Gendis juga melipat kedua tangannya dan meletakkannya pada lutut. Perempuan tersebut menenggelamkan wajah di balik lengan. Bahunya bergetar dengan suara tangis pilu yang membayangi koridor apartemen sunyi.
Di luar, air hujan semakin giat menerpa jalanan. Sesekali petir menyambar mega sehingga menimbulkan gemerlap cahaya layaknya lampu blitz pada kamera. Gendis terbangun ketika merasa lelah meratapi kepergian Ayaka yang mendadak.
"Masih ada cara lain. Aku tidak akan berhenti mencari tahu tentang putriku. Aku juga akan memastikan satu hal lain." Suara Gendis bergetar dan terdengar parau.
Gendis perlahan kembali mengayunkan langkah. Dia berusaha menguatkan diri sendiri karena tak memiliki sesorang pun di sisinya yang bisa dijadikan sandaran. Kakinya terasa berat untuk melangkah pergi.
Masih ada tanda tanya besar kenapa sang sahabat membohonginya. Air menetes dari ujung rambut Gendis, mengalir melewati pipinya dan jatuh di lehernya, membuat kain tipis yang melekat di tubuhnya terasa berat. Bibirnya bergetar setiap kali dia menarik napas, tetapi dia tidak menyadarinya.
Mata perempuan itu hanya terpaku pada jalan yang kosong di depannya. Tangannya mengepal begitu kuat hingga buku-buku jarinya memutih, sementara bahunya bergerak naik-turun tak beraturan. Suara gemericik hujan menenggelamkan suara langkahnya yang terseret, seolah tubuhnya bergerak sendiri tanpa peduli pakaian yang menempel dingin di kulitnya.
"Gendis?" gumam Hiro yang juga baru pulang dari rumah sakit.
Lelaki tersebut kini ada dalam mobilnya. Menatap Gendis yang sudah dilalui oleh kendaraannya tersebut. Hiro meminta Ren berhenti.
Hiro mencari-cari keberadaan payung yang biasa dia simpan dalam mobil. Setelah menemukan benda itu, Hiro membuka pintu, kemudian memekarkan payung. Dia bergegas turun, melangkah cepat sehingga menimbulkan bunyi riak antara air hujan dan sepatunya.
Lelaki tersebut langsung meneduhkan tubuh gendis menggunakan payung dalam genggamannya. Akan tetapi, Gendis seakan tak bernyawa. Dia terus berjalan tanpa menghiraukan Hiro.
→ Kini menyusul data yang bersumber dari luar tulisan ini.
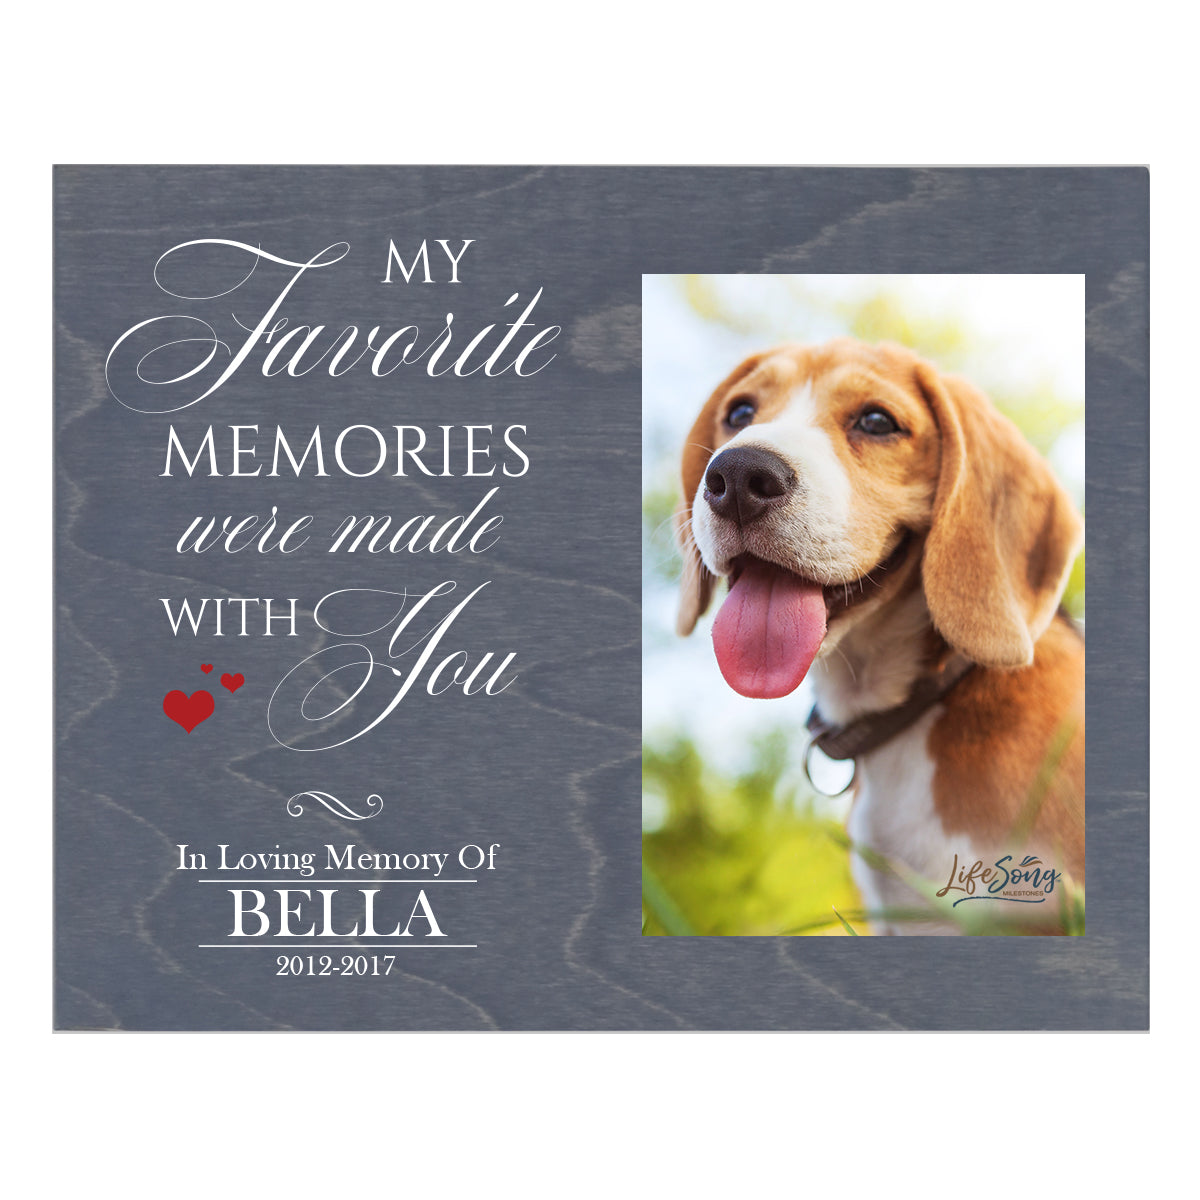 Pet Memorial Photo Wall Plaque Décor - My Favorite Memories

Ah, bukan menghiraukan. Lebih tepatnya Gendis tidak menyadari kehadiran lelaki tersebut. Saat mereka hampir melewati mobil, Ren membuka pintu mobil.
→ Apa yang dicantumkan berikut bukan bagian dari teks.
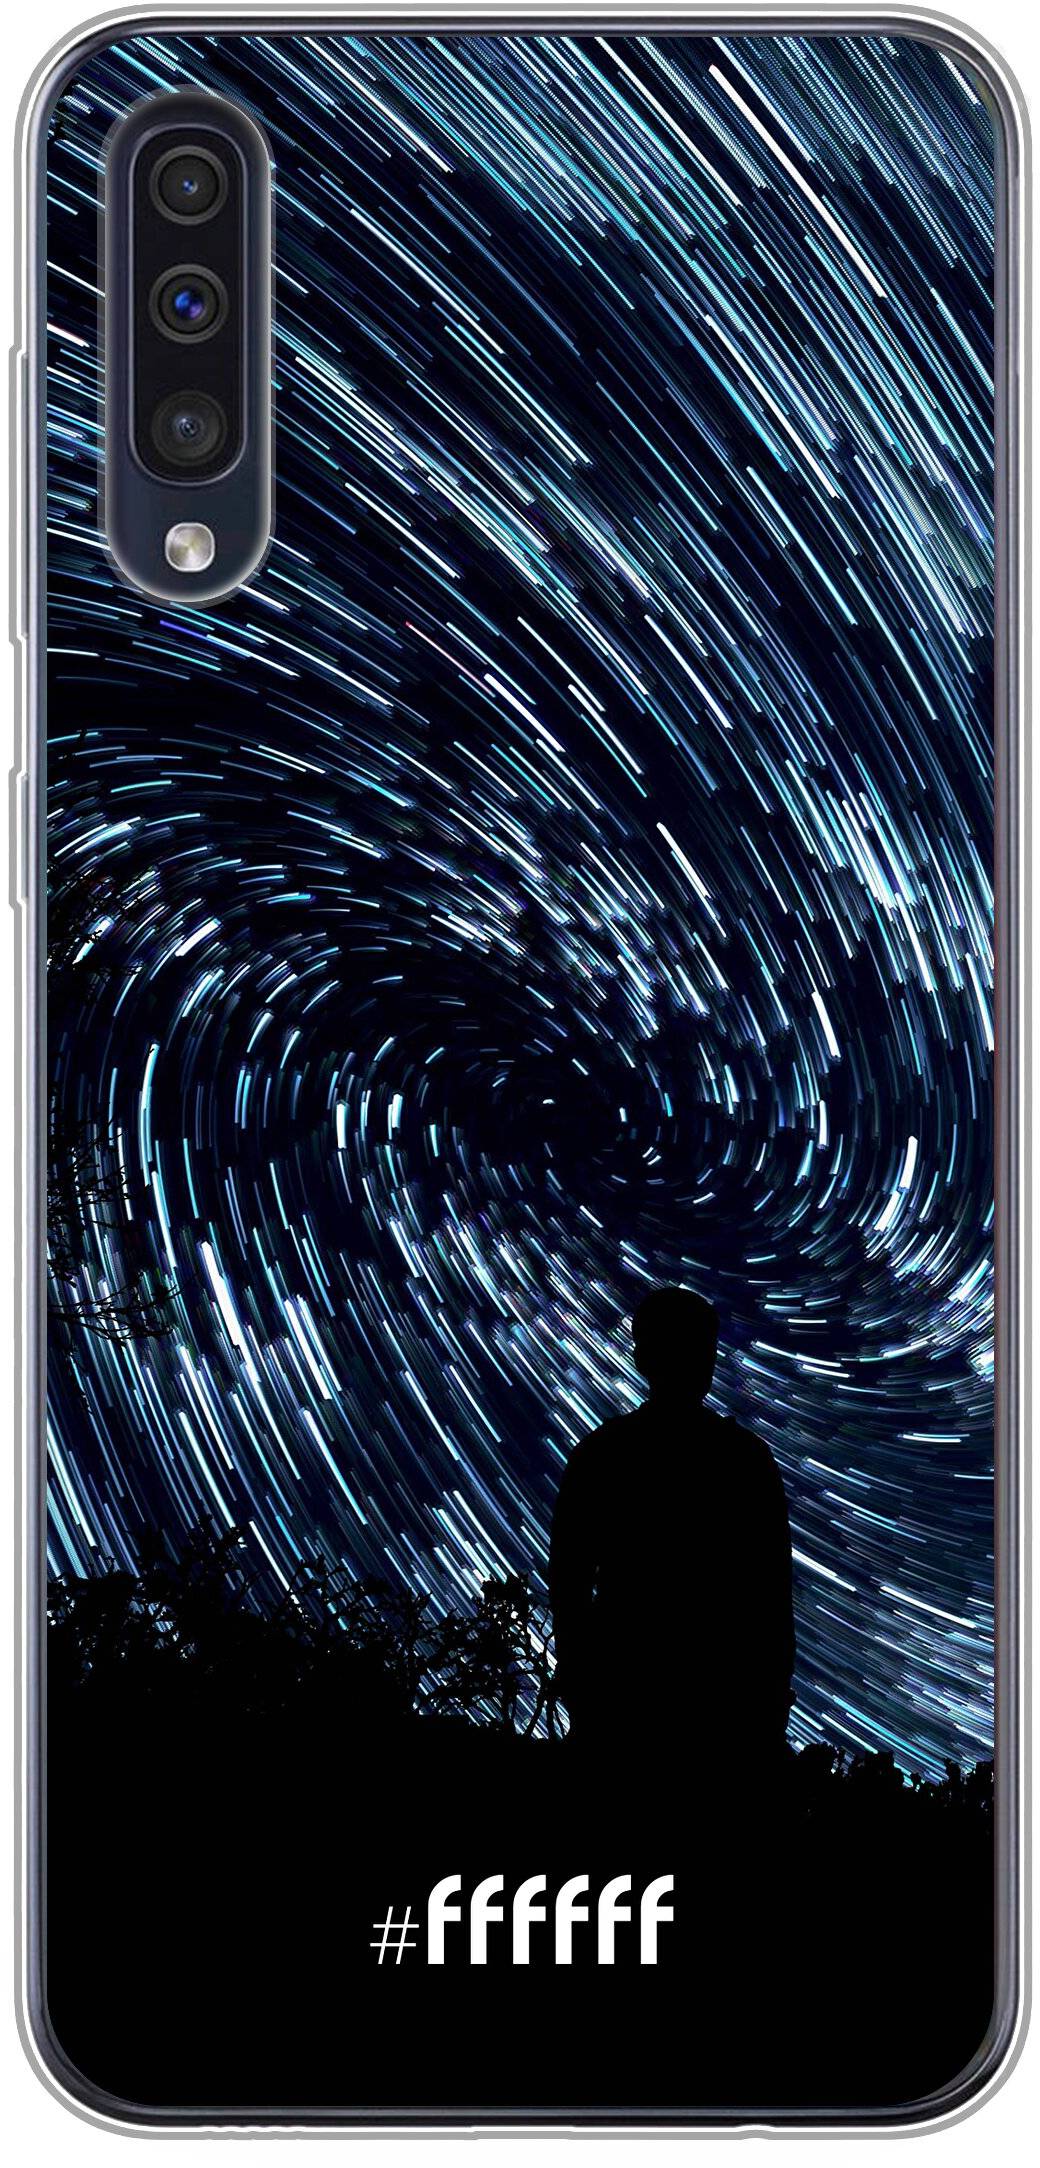 Starry Circles Galaxy A40

"Kamu ikuti kami pelan-pelan. Aku akan bicara dulu dengannya." Suara Hiro sedikit tinggi untuk mengalahkan gemercik hujan yang beradu dengan aspal.
"Baik, Pak." Ren mengangguk kemudian masuk ke mobil dan mulai mengendarai mobil sang majikan secara pelan-pelan.
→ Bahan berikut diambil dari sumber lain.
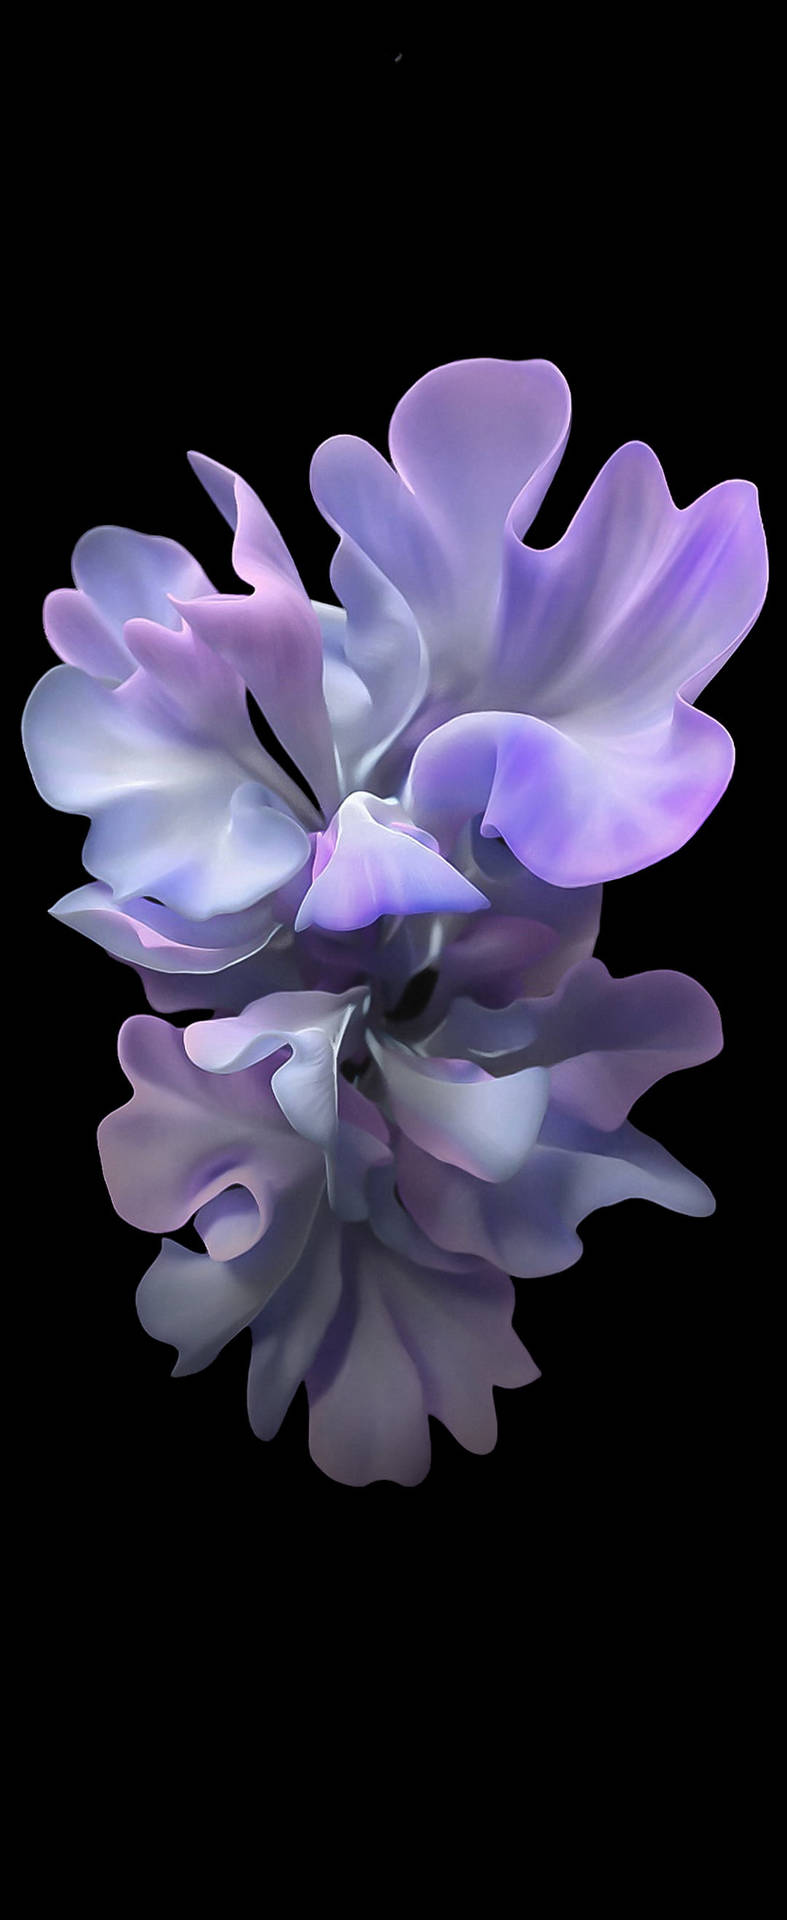 Violet Flower Art For Samsung S20 Fe Picture

Hiro lanjut memayungi Gendis dan mengikuti arah langkah kaki perempuan tersebut. Dia begitu sabar. Menunggu Gendis menyadari kehadirannya di sana. Namun, saat hampir 15 menit keduanya berjalan, perempuan tersebut masih terus berjalan seakan bukan dirinya yang menghendaki.
"Ndis," panggil Hiro dengan suara lembut.
Gendis masih mengabaikan lelaki tersebut. Tatapan matanya kosong dan langkahnya sesekali terseok karena menyandung kerikil kecil. Tubuhnya menandakan kalau sang pemilik mulai lelah.
Lelah secara fisik dan mental. Hiro yang tak lagi sanggup melihat kondisi Gendis akhirnya menghentikan langkah perempuan tersebut dengan menahan lengannya. Mau tak mau Gendis menghentikan langkah.
"Gendis, kamu kenapa? Apa yang terjadi?" tanya Hiro sambil menatap perempuan yang kini menunduk itu.
Gendis perlahan mengangkat wajahnya. Dia menatap Hiro. Sinar matanya seakan hilang, wajah Gendis seputih kertas, dengan bibir gemetar karena menahan dingin.
"Dia pergi dengan membawa rahasia tentang anakku."
Pijakan Gendis goyah, seolah tanah di bawahnya menghilang. Rambutnya yang basah menempel di pipi, matanya separuh tertutup. Hiro, yang berdiri hanya selangkah darinya, segera menangkap tubuh perubahan itu.
Hiro meraih pergelangan tangan Gendis tepat saat tubuhnya merosot. Gendis jatuh ke dadanya, hangat napasnya menyentuh leher Hiro yang dipenuhi aroma hujan. Detik itu dunia terasa sunyi, tak ada suara selain tarikan napas beratnya.
Hiro mendekapnya erat, dagunya bertumpu di puncak kepala Gendis. Lengan-lengannya menjadi benteng, menahan tubuh itu agar tak jatuh lebih jauh, baik ke tanah maupun ke jurang rasa sakit yang tak terlihat.
“Aku di sini, Ndis. Tolong jangan tanggung semua sendirian,” bisik Hiro, lebih seperti janji pada dirinya sendiri.